Likeable LIER, just 17km southeast of Antwerp, has an amenable, small-town air, its pocket-sized centre boasting a particularly pretty Grote Markt and a clutch of handsome medieval buildings, especially St-Gummaruskerk. The town was founded in the eighth century, but despite its ancient provenance Lier has never managed to dodge the shadow of its much larger neighbour, Antwerp – even when Felix Timmermans, one of Belgium’s best-known writers, lived here for almost all of his long life (1886–1947). All the same, Timmermans did add a certain local sparkle – and it may have been needed: other Belgians once referred to Lier’s citizens as “sheepheads” (schapenkoppen), a reference to their reputation for stubbornness and stupidity.
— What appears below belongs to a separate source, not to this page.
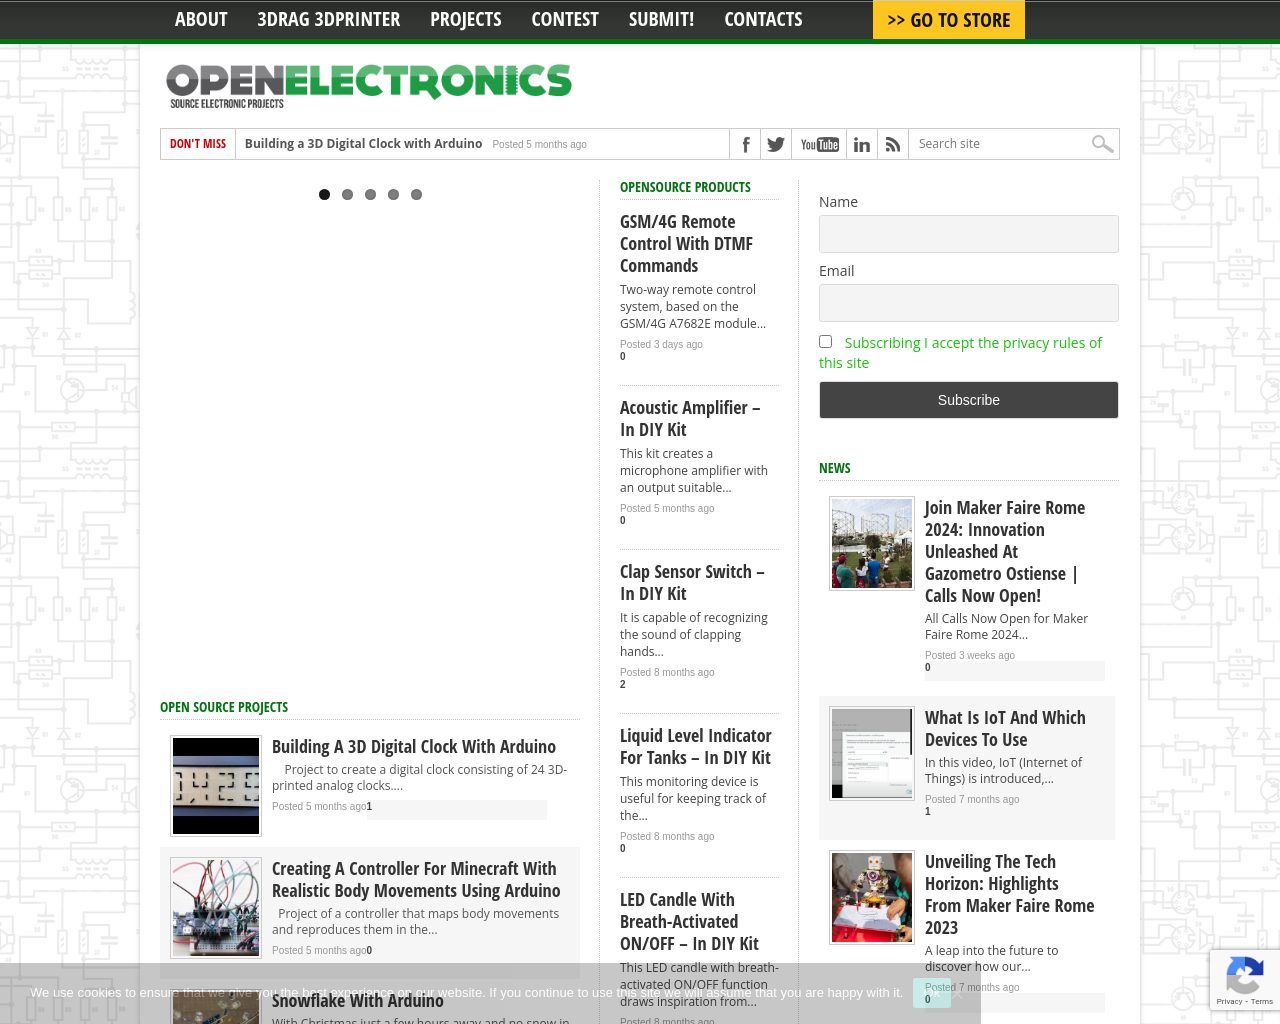 open-electronics.org

Central Lier spreads out from the large, rectangular Grote Markt, its old streets and alleys encircled and bisected by the waterways that mark the course of its old harbours and moat. At the centre of the Grote Markt is the turreted fourteenth-century Belfort, an attractively spikey affair incongruously attached to the classically elegant Stadhuis, which was built to replace the medieval cloth hall in 1740. Otherwise, the square is an attractive medley of neos-, with neo-Gothic, Neoclassical and even neo-Romanesque buildings, mostly dating from the 1920s, jostling for space and attention.
Lier is an ideal day-trip from Antwerp, just a twenty-minute train ride away.